→ WORK TASK
Keeping every word the same, give again only the lines from the one with "CARAN D'ACHE Genève" through the end of the data, both included, and leave every picture out.

── RECORDED INFORMATION ──

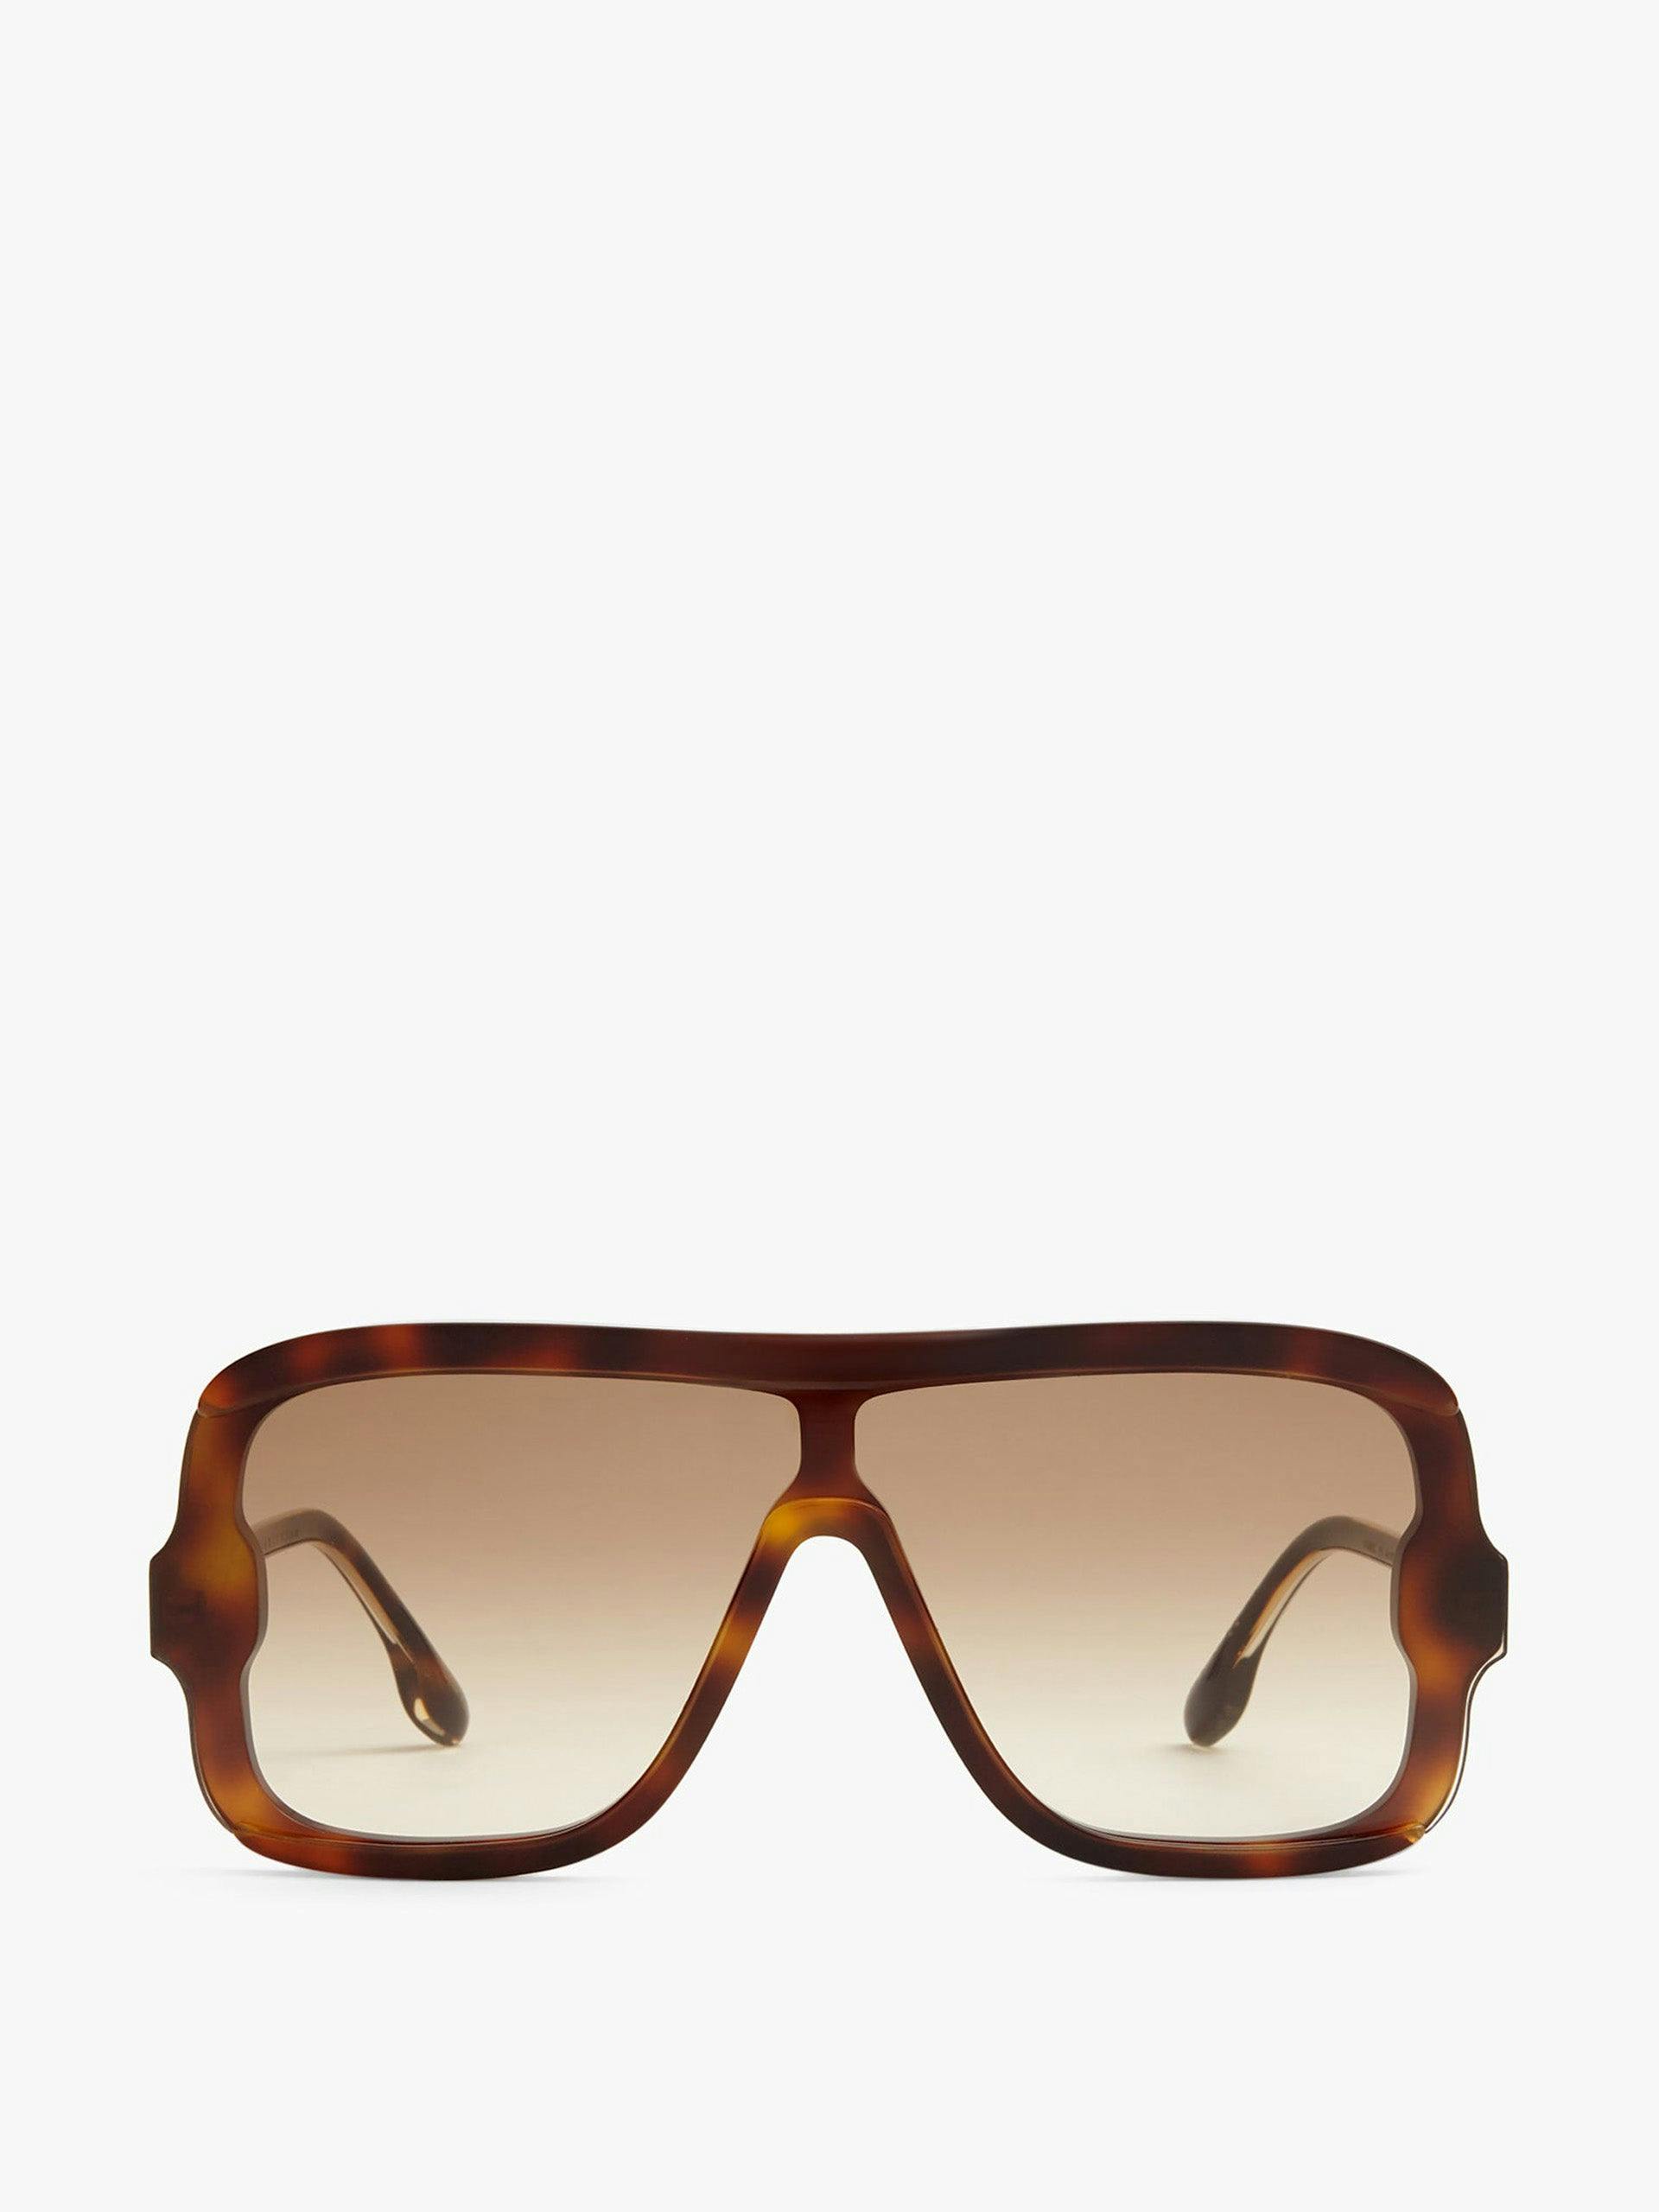 Layered mask sunglasses in tortoise-brown
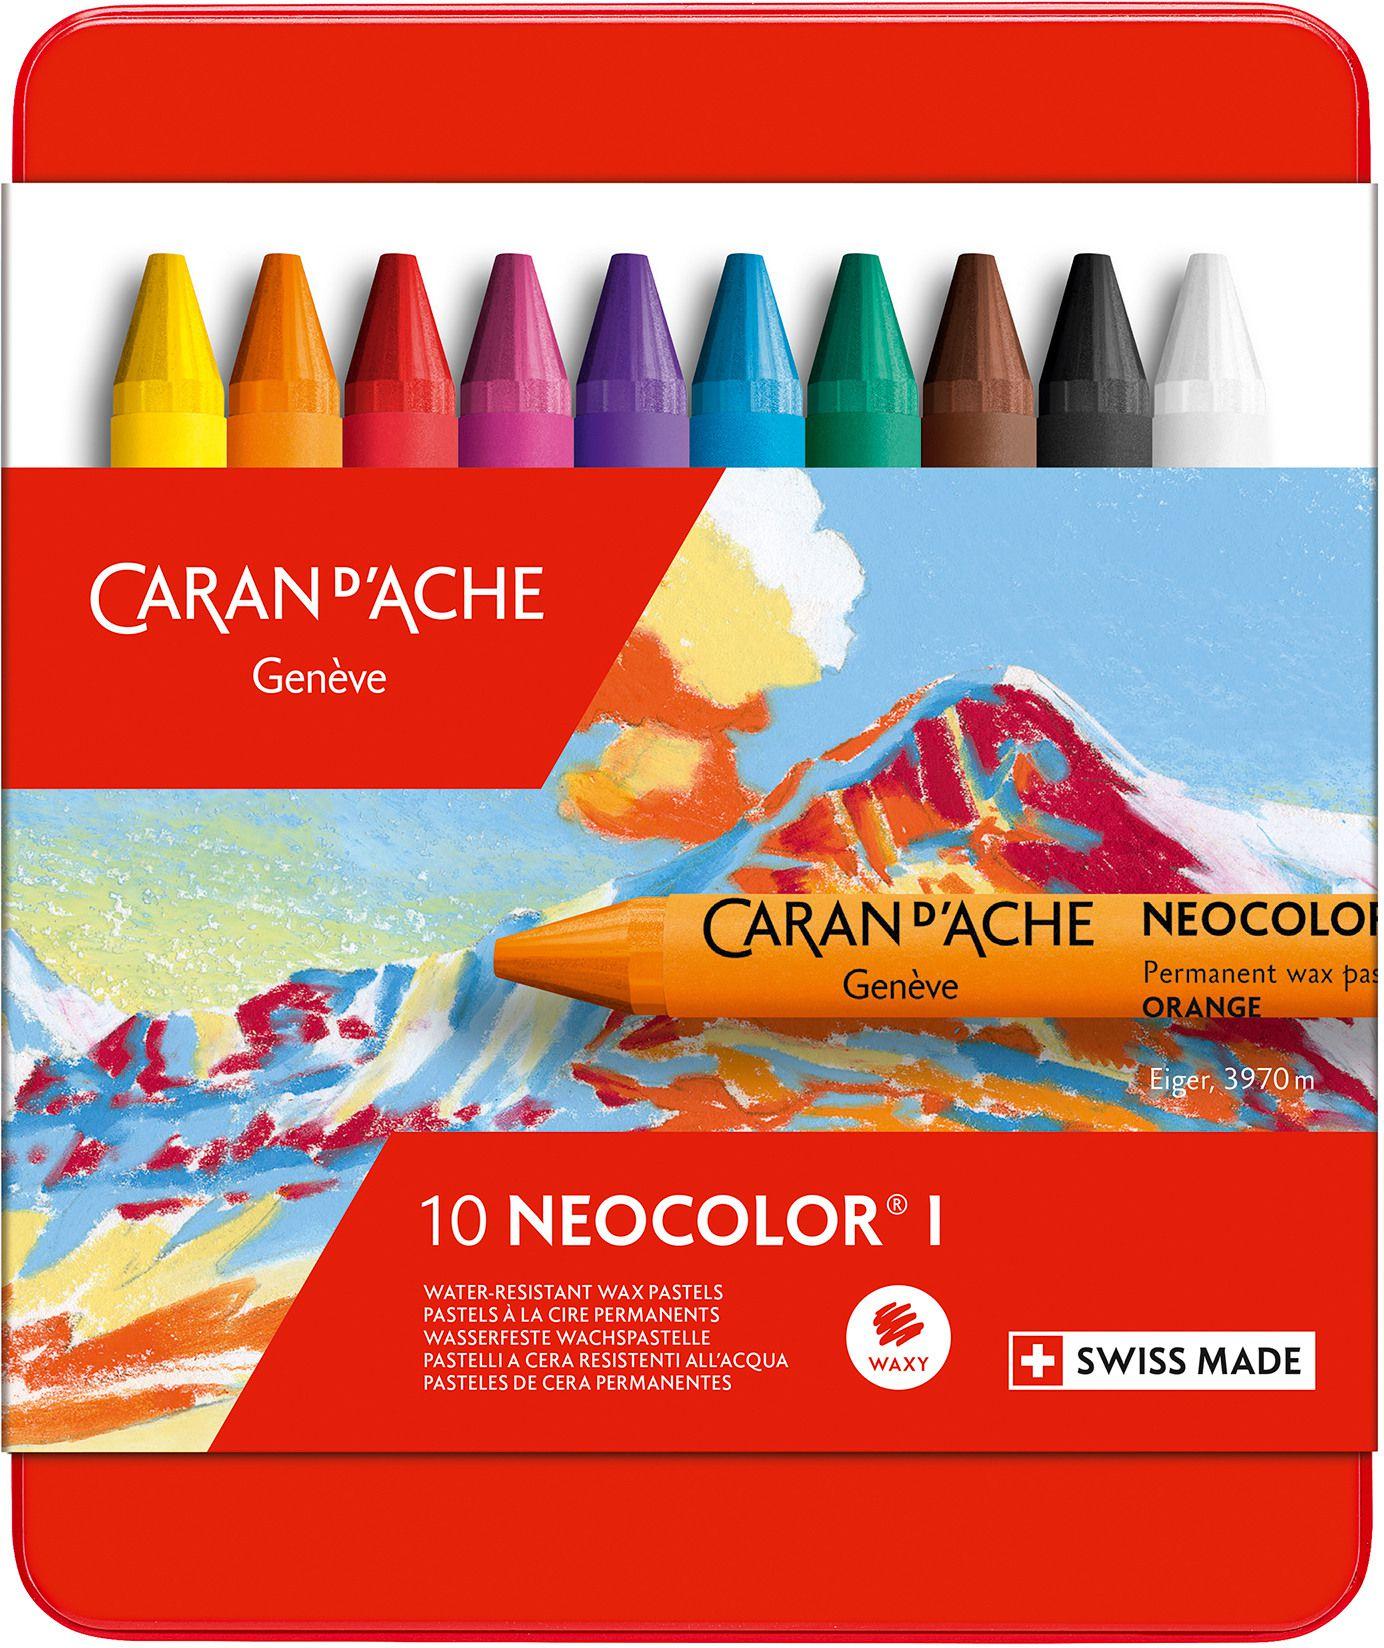 CARAN D'ACHE Genève - Neocolor 1 - Set 10 pastelli a cera resistenti all'acqua
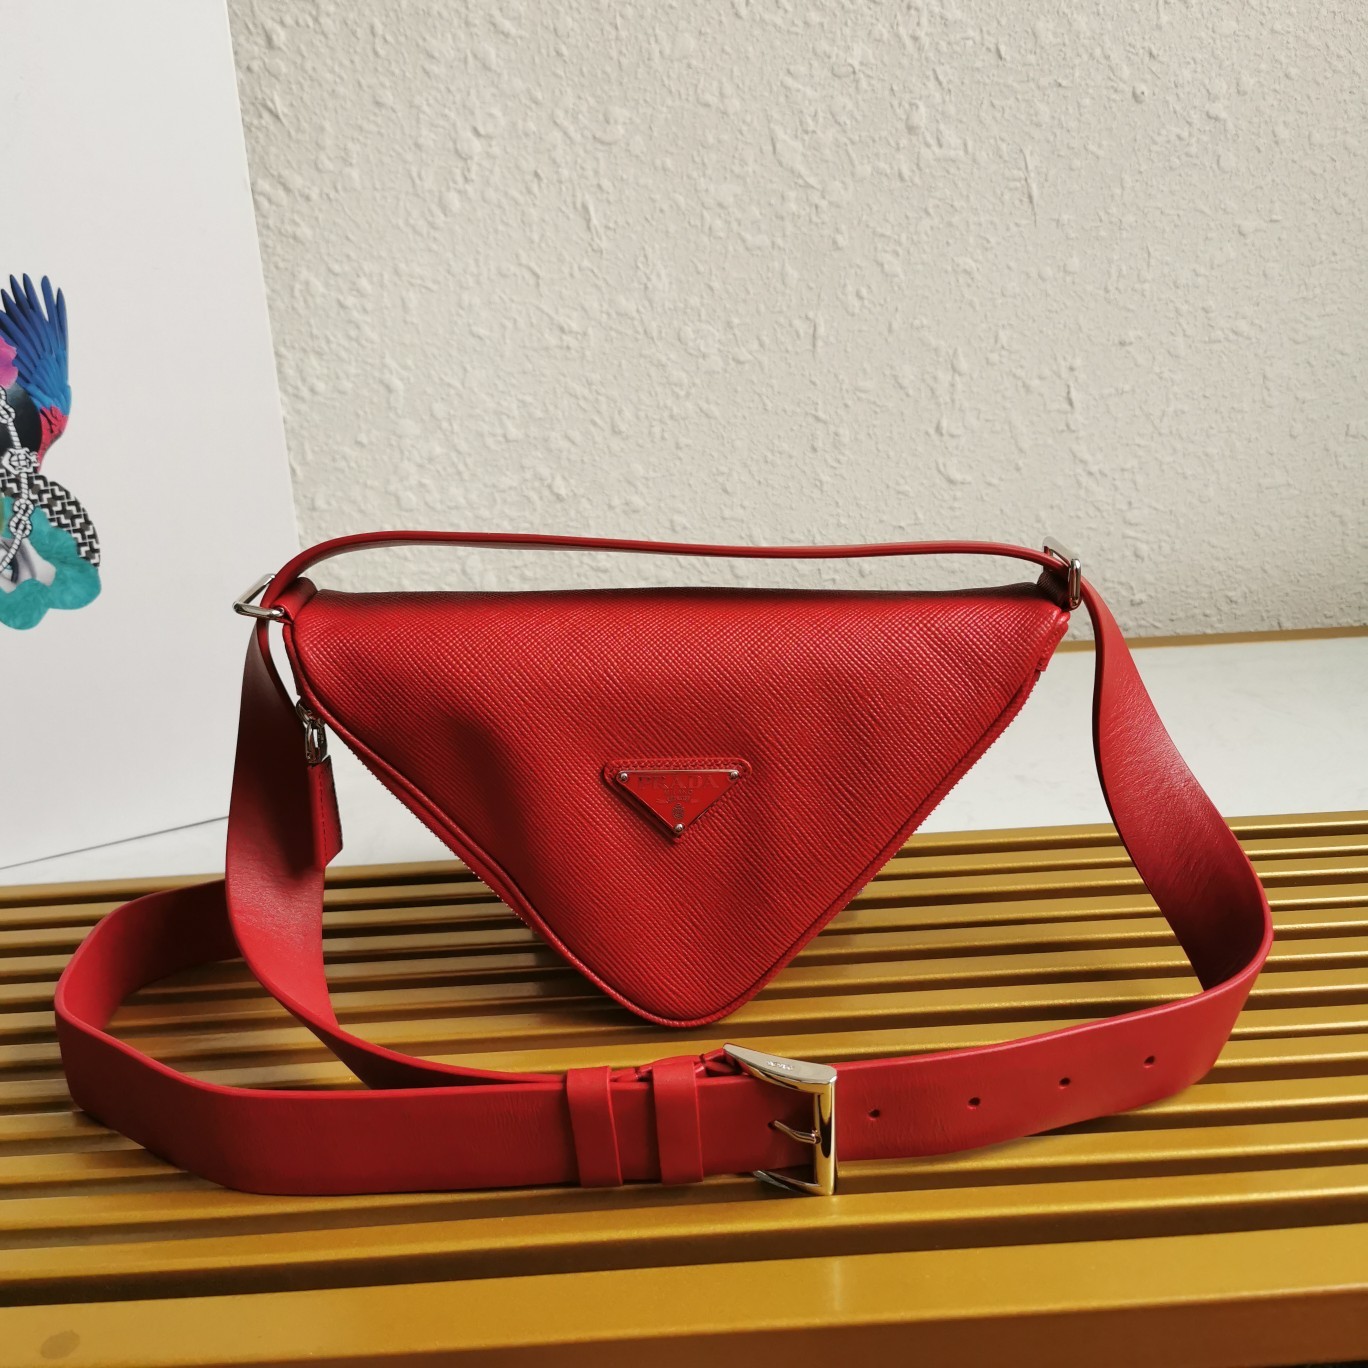 Triangular a bag on belt 25 cm

───

→ EXERCISE RESPONSE
 CARAN D'ACHE Genève - Neocolor 1 - Set 10 pastelli a cera resistenti all'acqua
 Triangular a bag on belt 25 cm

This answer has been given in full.